German Quandary of How to Deal With Anti-Immigration Movement

DRESDEN, Germany — German leaders are struggling with how, and how much, to engage with supporters of a protest movement formed around fears of an “Islamization” of their country.

Local leaders have started reaching out to supporters of the group known by its German acronym, Pegida, or the Patriotic Europeans Against the Islamization of the West, to listen to their complaints and try to forestall the movement. Although still largely confined to Dresden, it has found sympathizers in other cities across Germany.

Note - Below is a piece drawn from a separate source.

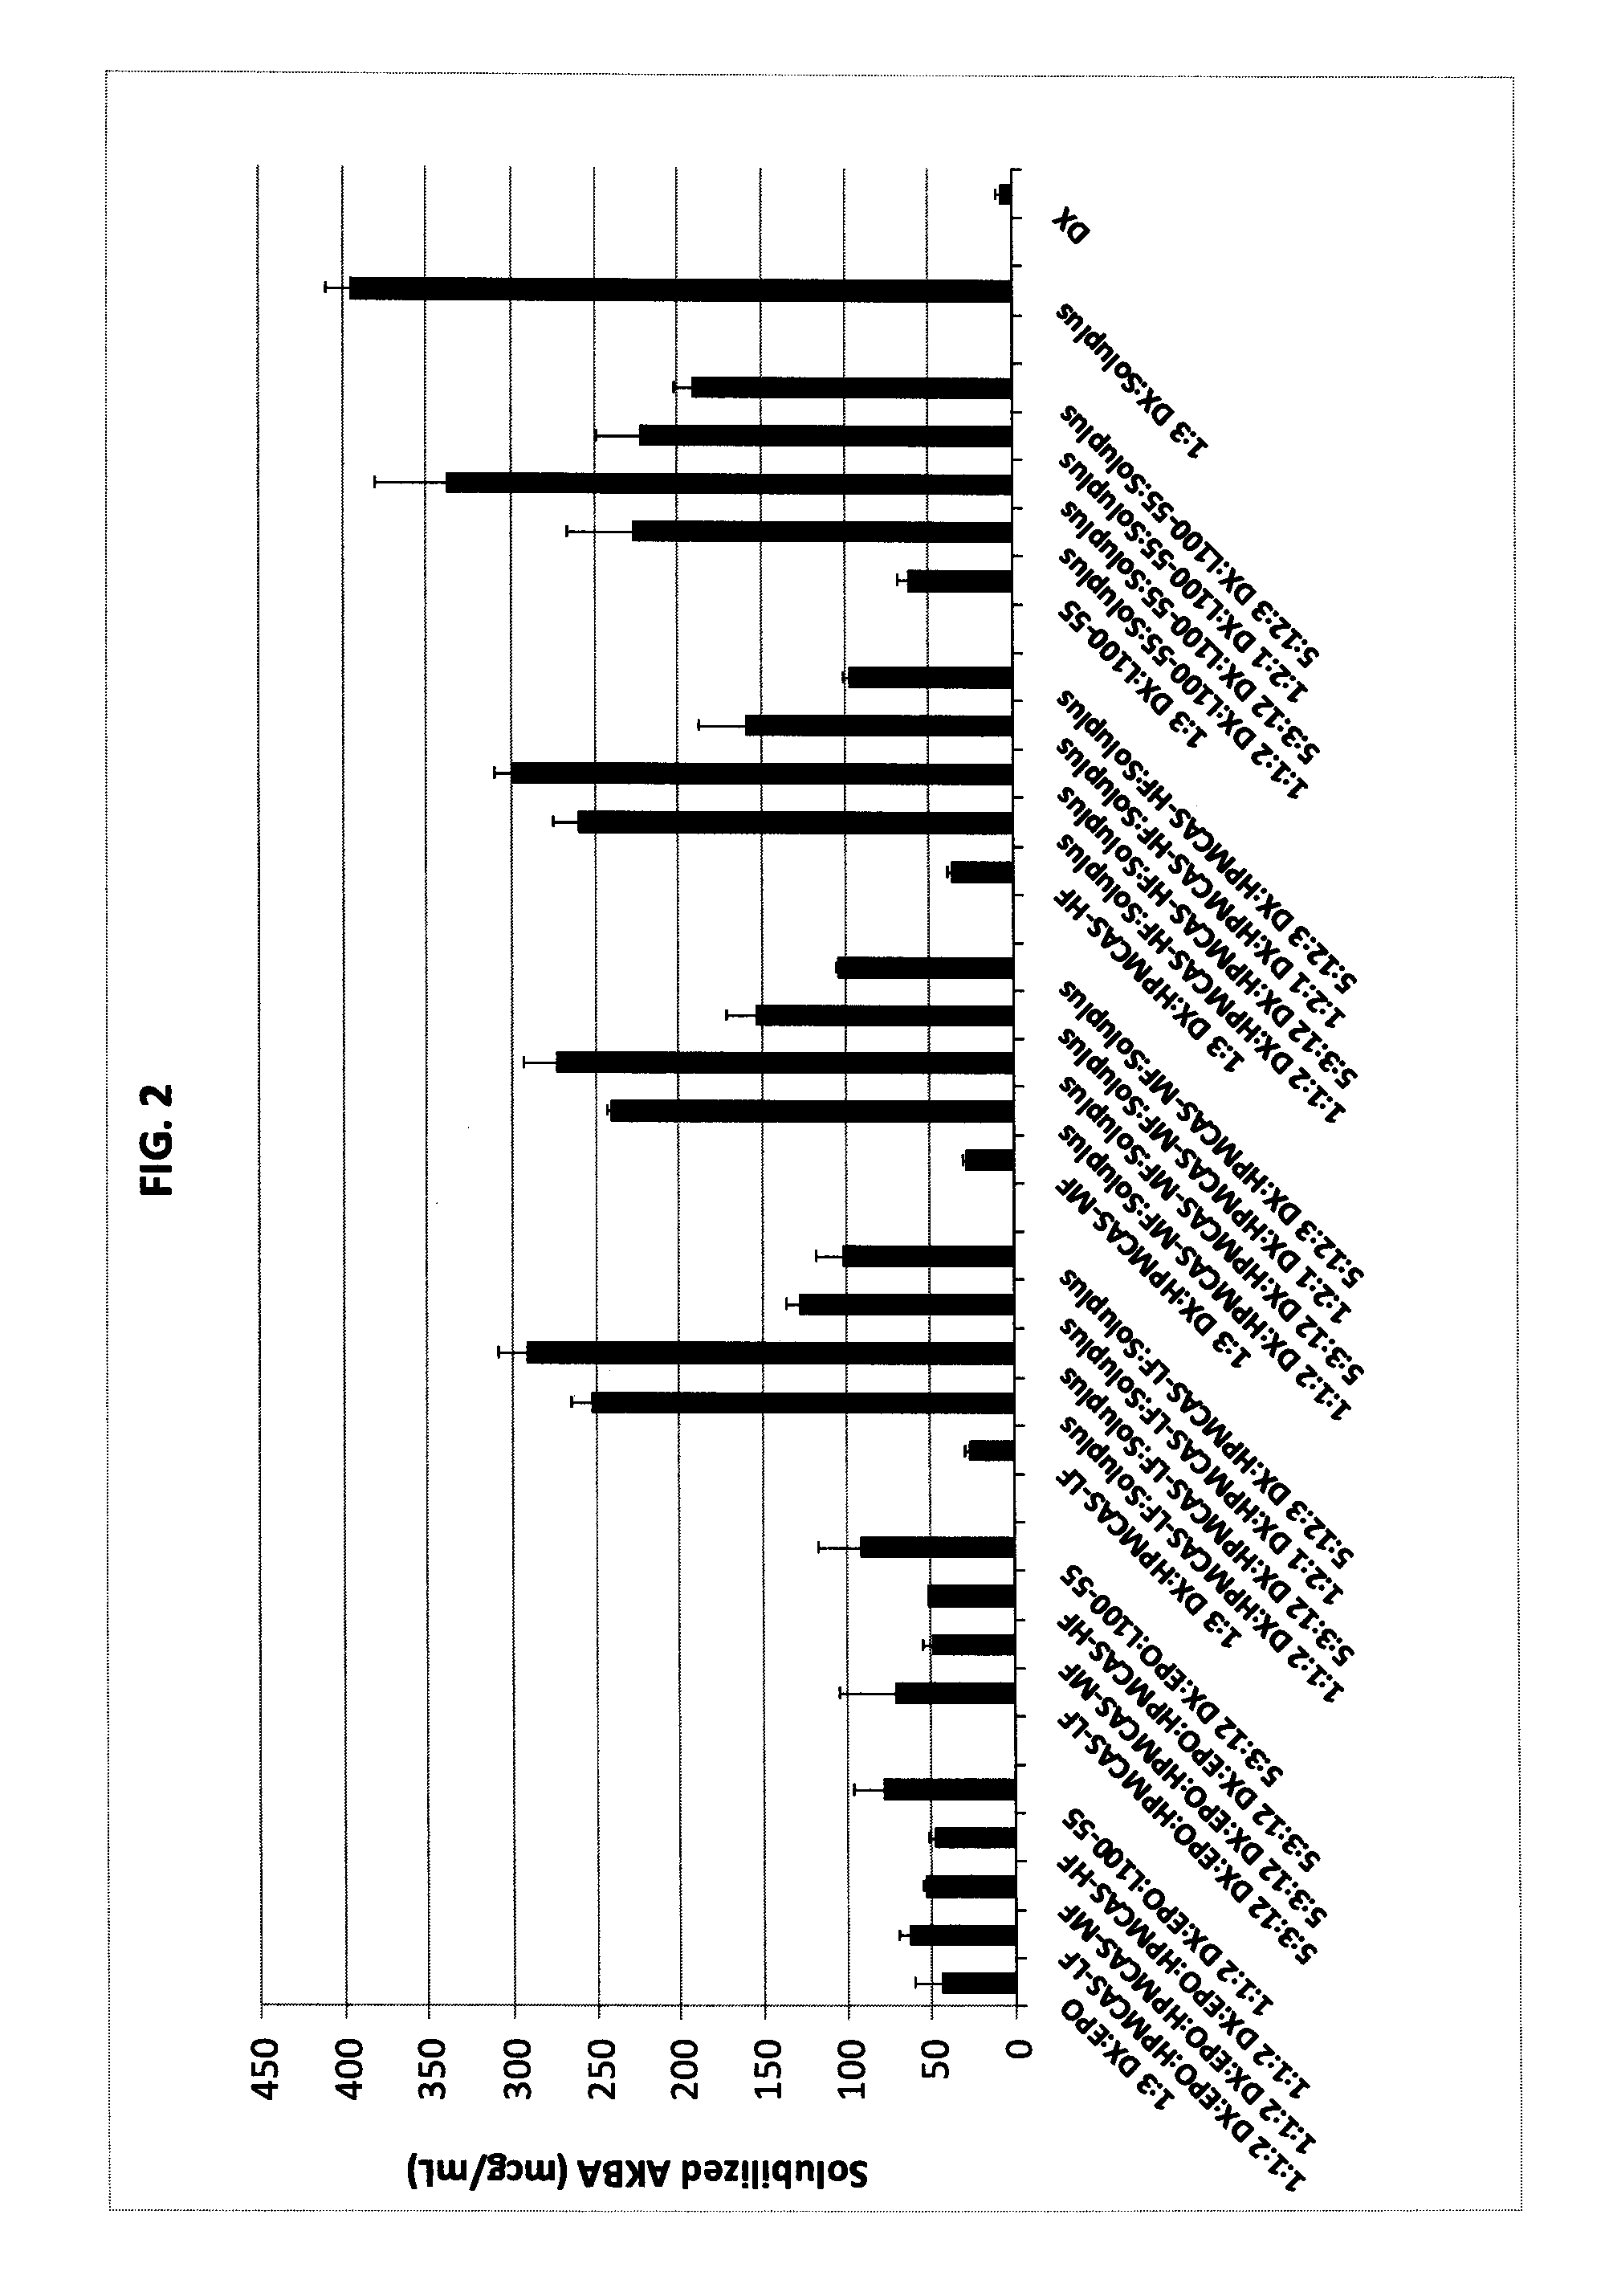 Pharmaceutical formulations of acetyl-11-keto-b-boswellic acid, diindolylmethane, and curcumin for pharmaceutical applications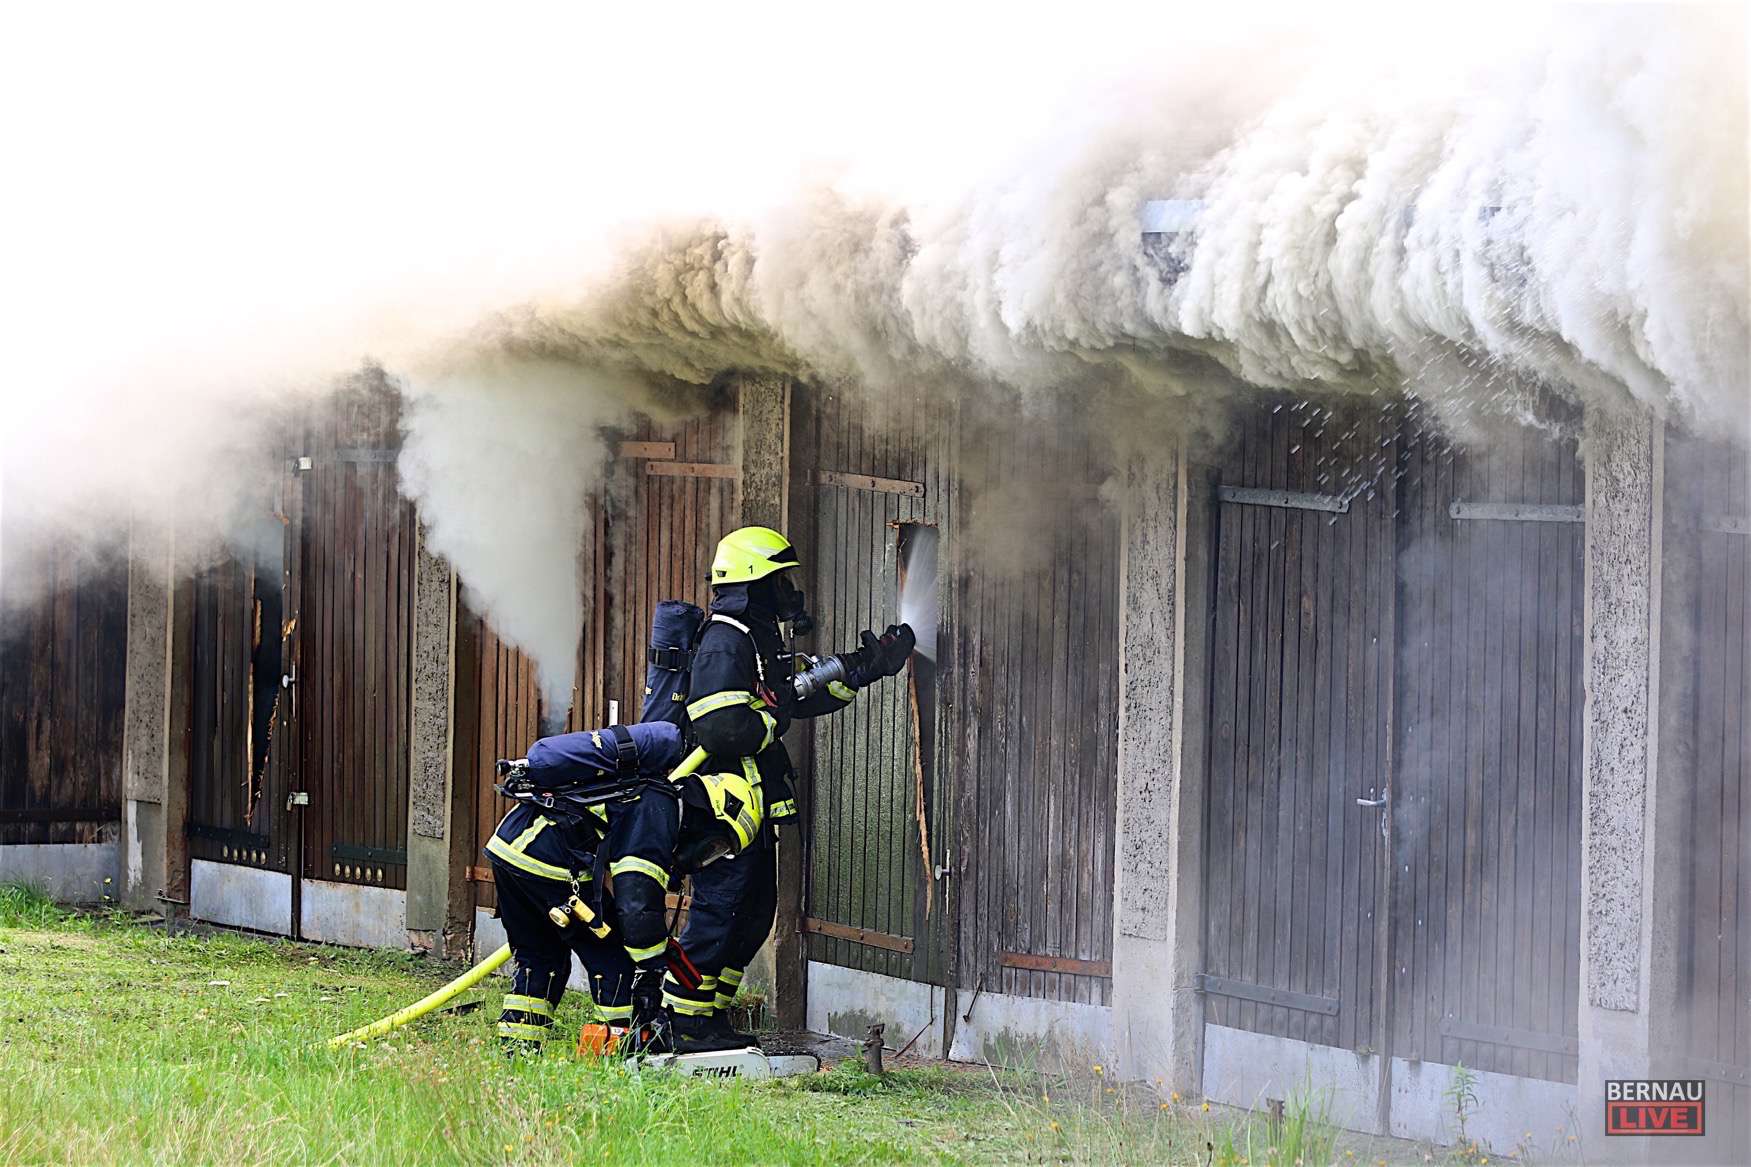 Grossbrand in Bernau - etwa 10 Garagen stehen in Flammen

The grass-roots movement, representing a swath of people fed up with the political and media culture in Germany and complaining that their elected officials are not listening to them, has grown swiftly since emerging in October, taking German leaders by surprise. But concerns about Pegida’s roots, as well as its support from neo-Nazis and extremists, have tainted the group’s motives and created a split among elected officials over how seriously they should take some of the group’s grievances about the country’s immigration and social fabric.

In Dresden, an estimated 25,000 protestors took to the streets to protest Germany’s immigration policies.

But Frank-Walter Steinmeier, Germany’s foreign minister, warned Sunday in comments to the mass-circulation weekly Bild am Sonntag that Germans were underestimating the damage that Pegida’s “xenophobic and racist slogans and placards have already had.”

“Whether we want it or not, the world is watching Germany with great attention,” Mr. Steinmeier said.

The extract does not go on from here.